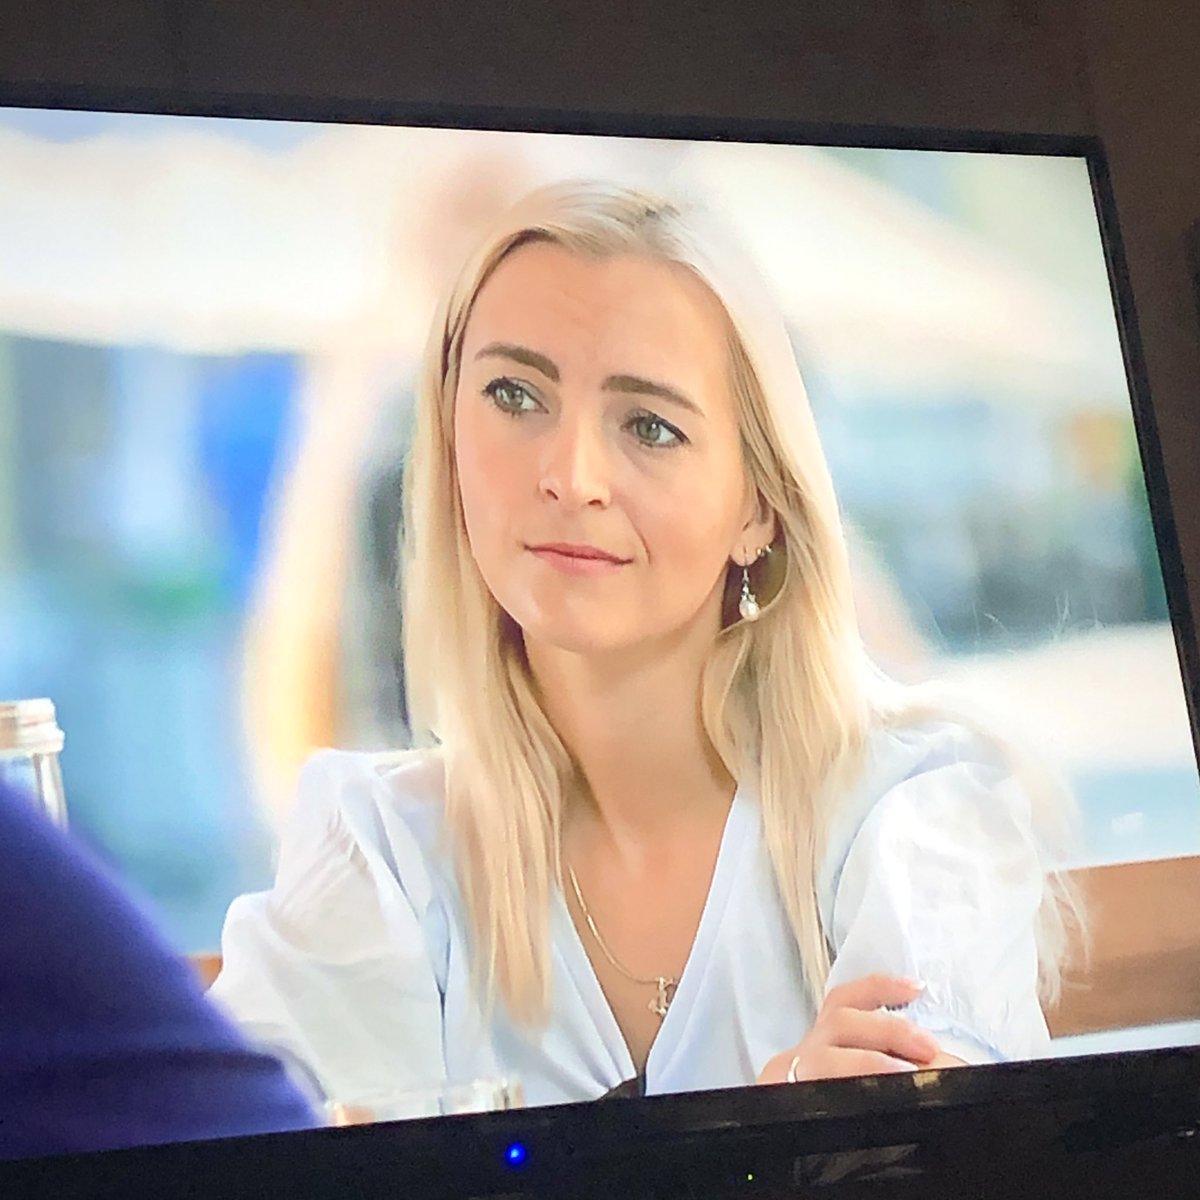 yes i'm still watching 90 day fiancé and she's very pretty too 
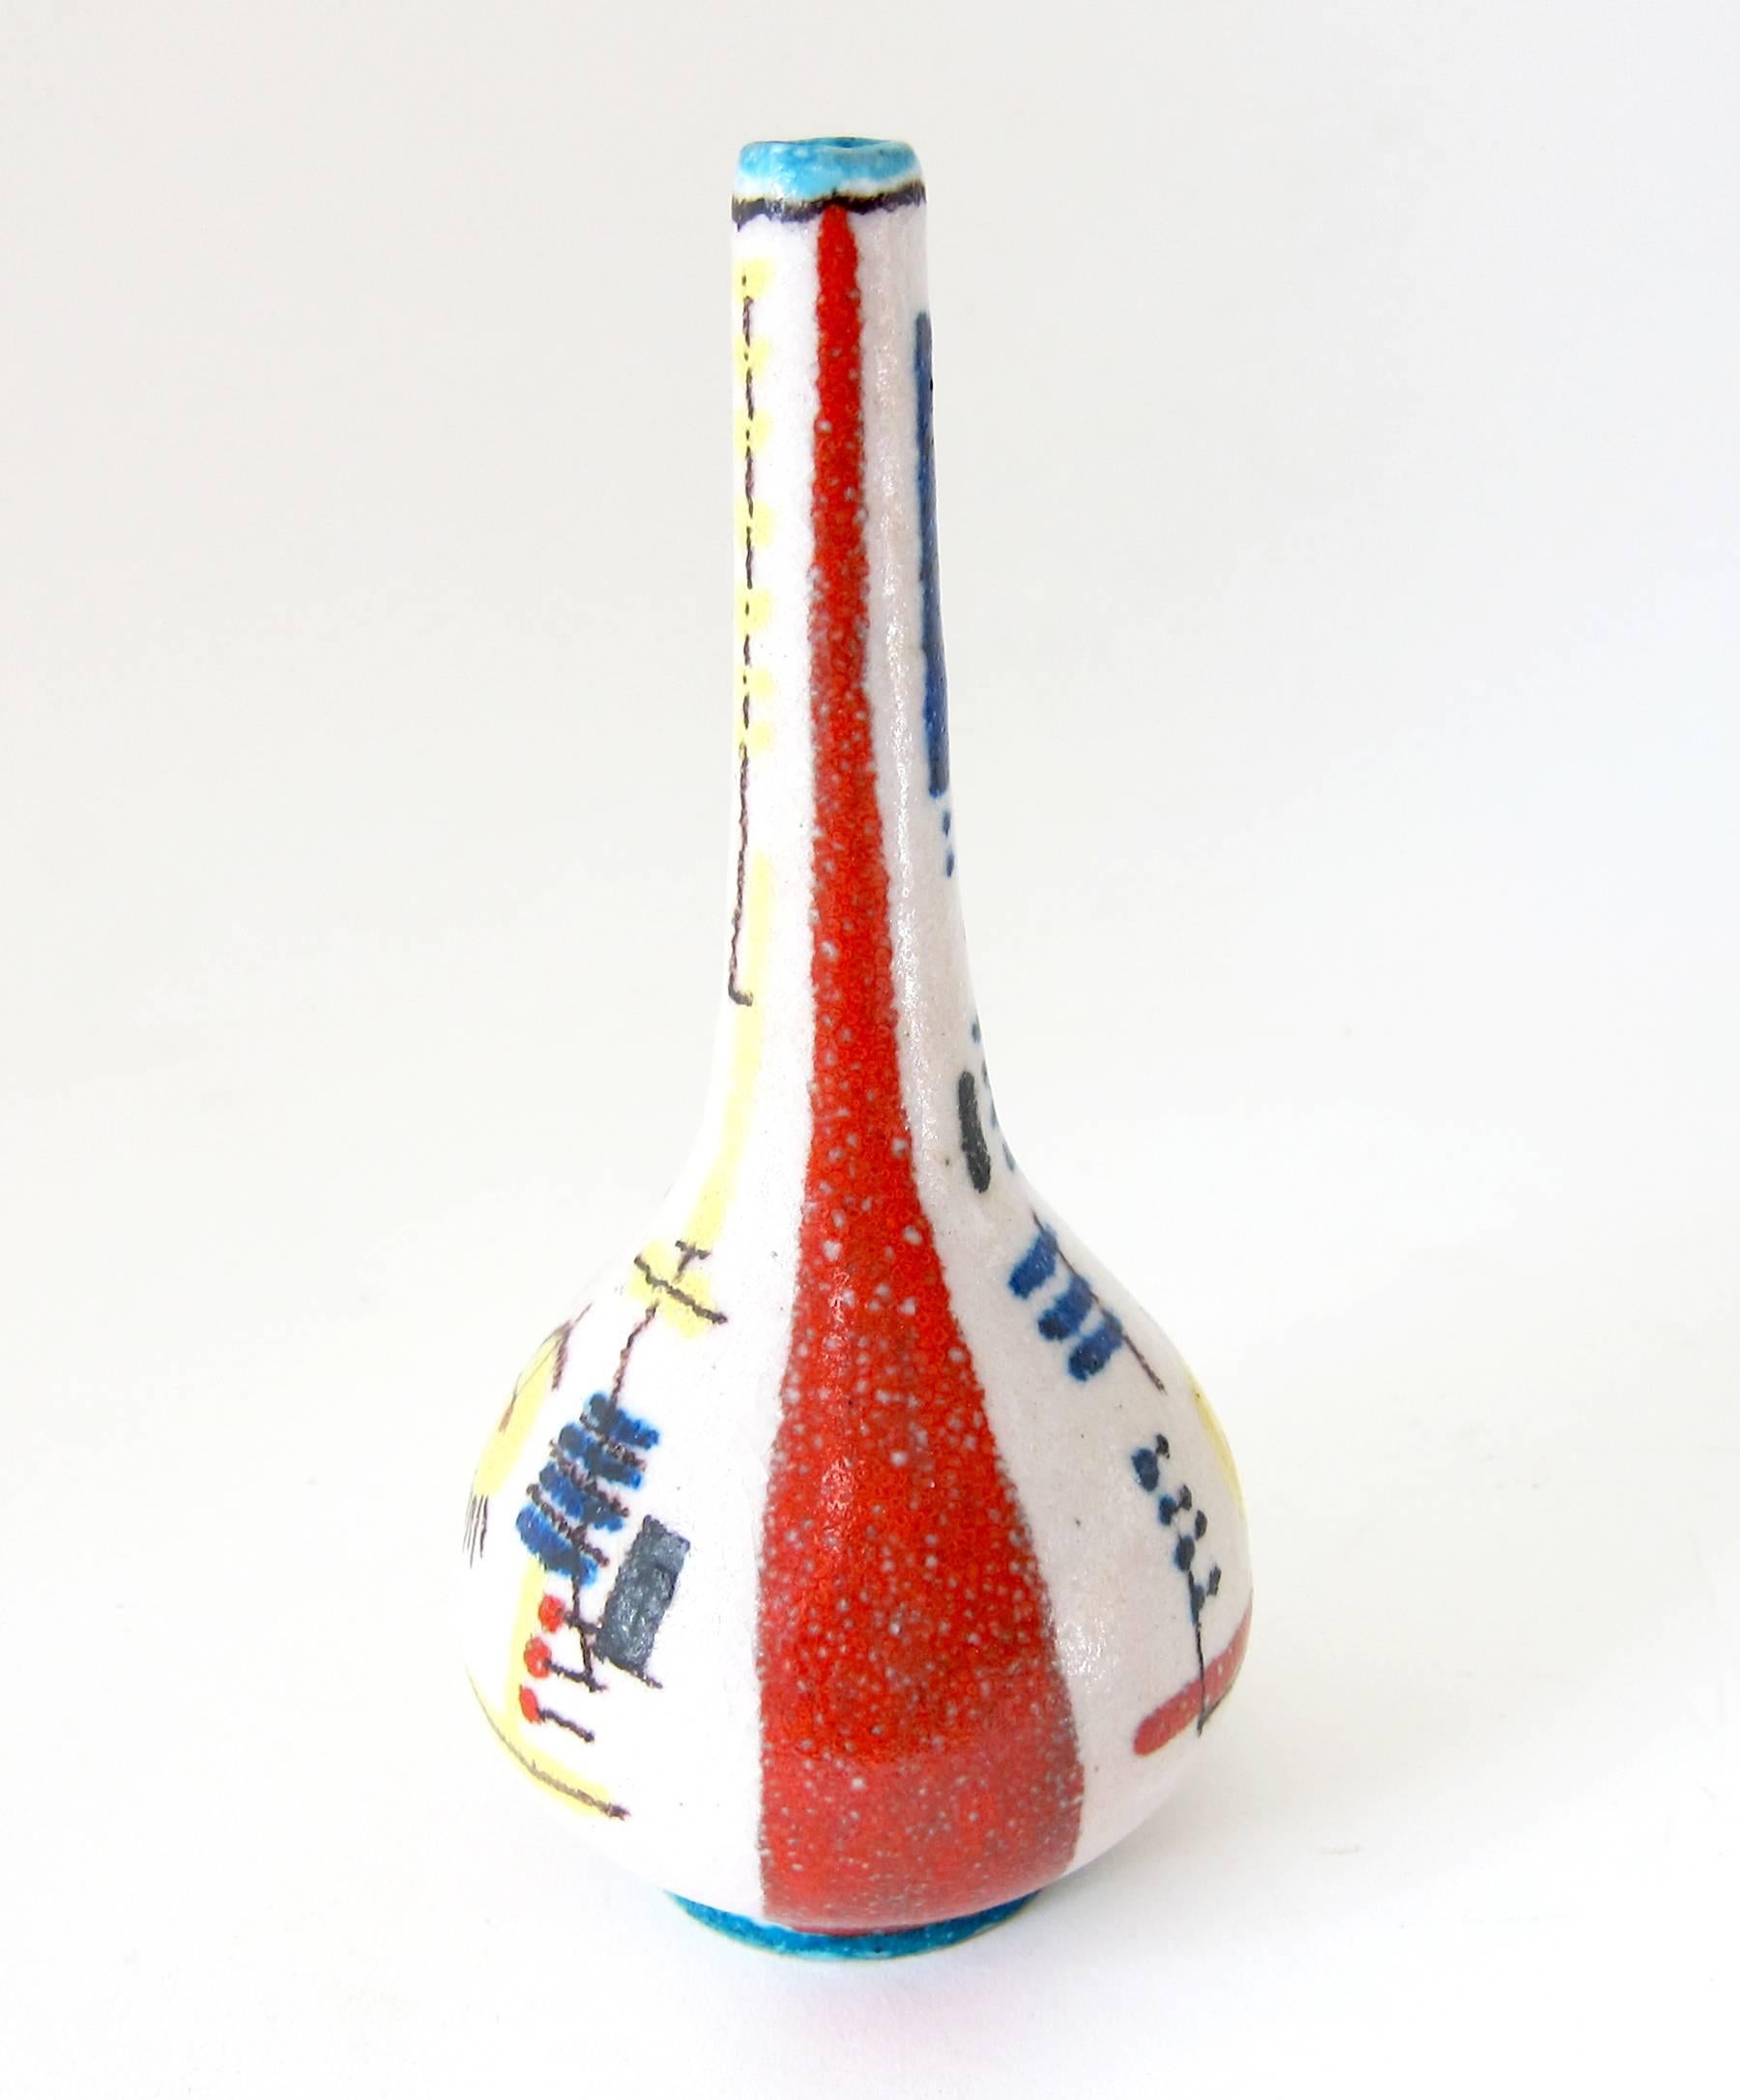 Italian modernist bud vase with foamy glaze and abstract design created by Guido Gambone of Florence, Italy.  Vase measures 6
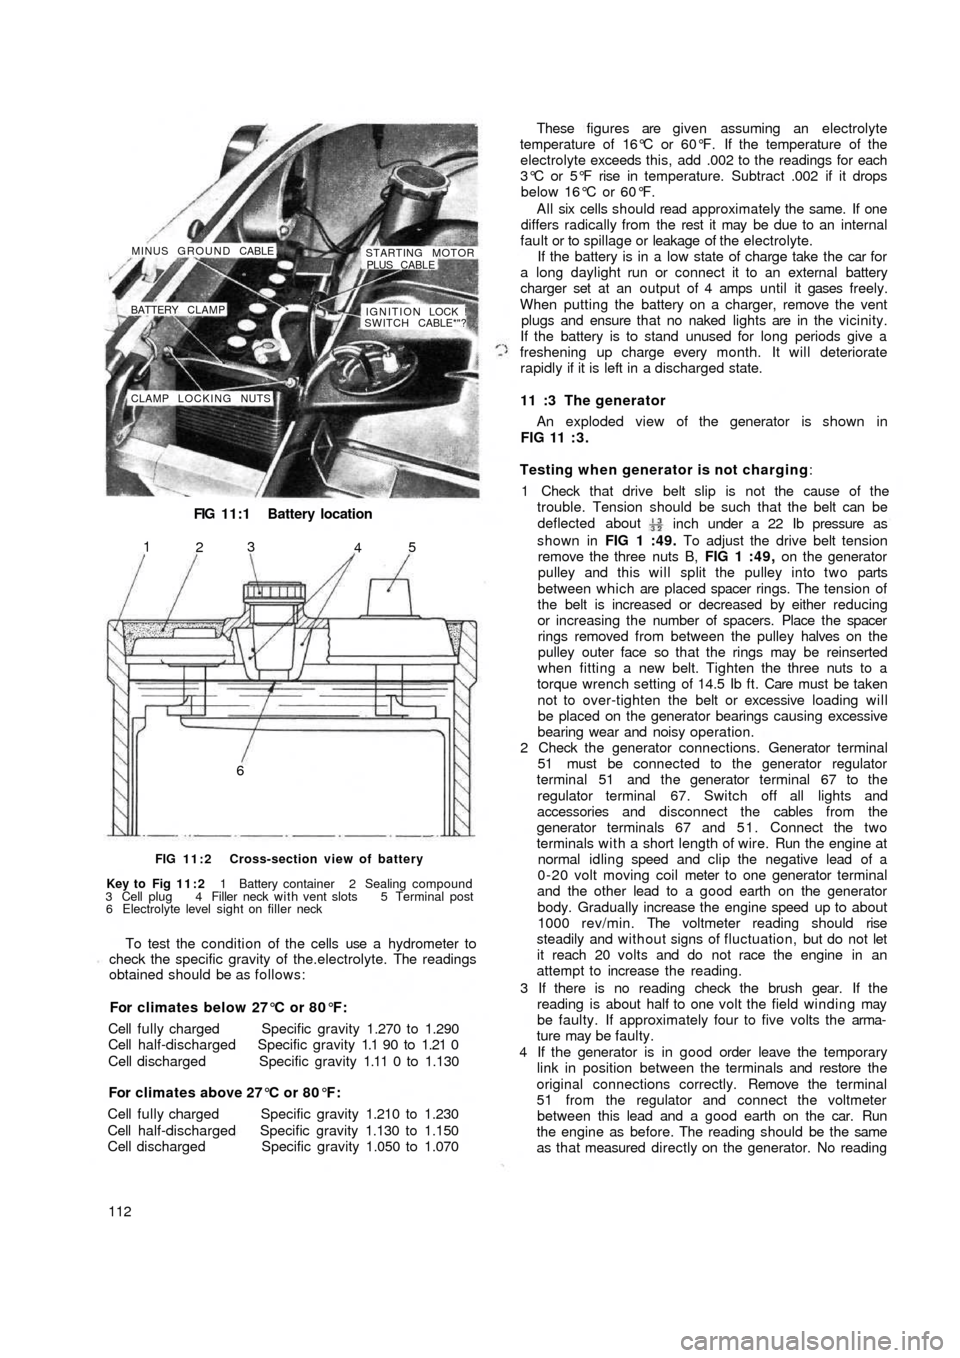 FIAT 500 1960 1.G Workshop Manual FIG 11:1 Battery location
CLAMP LOCKING NUTSIGNITION LOCK !
SWITCH CABLE*"? BATTERY CLAMP MINUS GROUND CABLE
STARTING MOTOR
PLUS CABLE
65
4 3
2 1
FIG 11:2 Cross-section view of battery
Key to  Fig  11
***
• HOW TO COMPLETE THIS TASK: List every line in the records above that contains the word "CABLE".

• RESPONSE TO THE EXERCISE:
SWITCH CABLE*"? BATTERY CLAMP MINUS GROUND CABLE
PLUS CABLE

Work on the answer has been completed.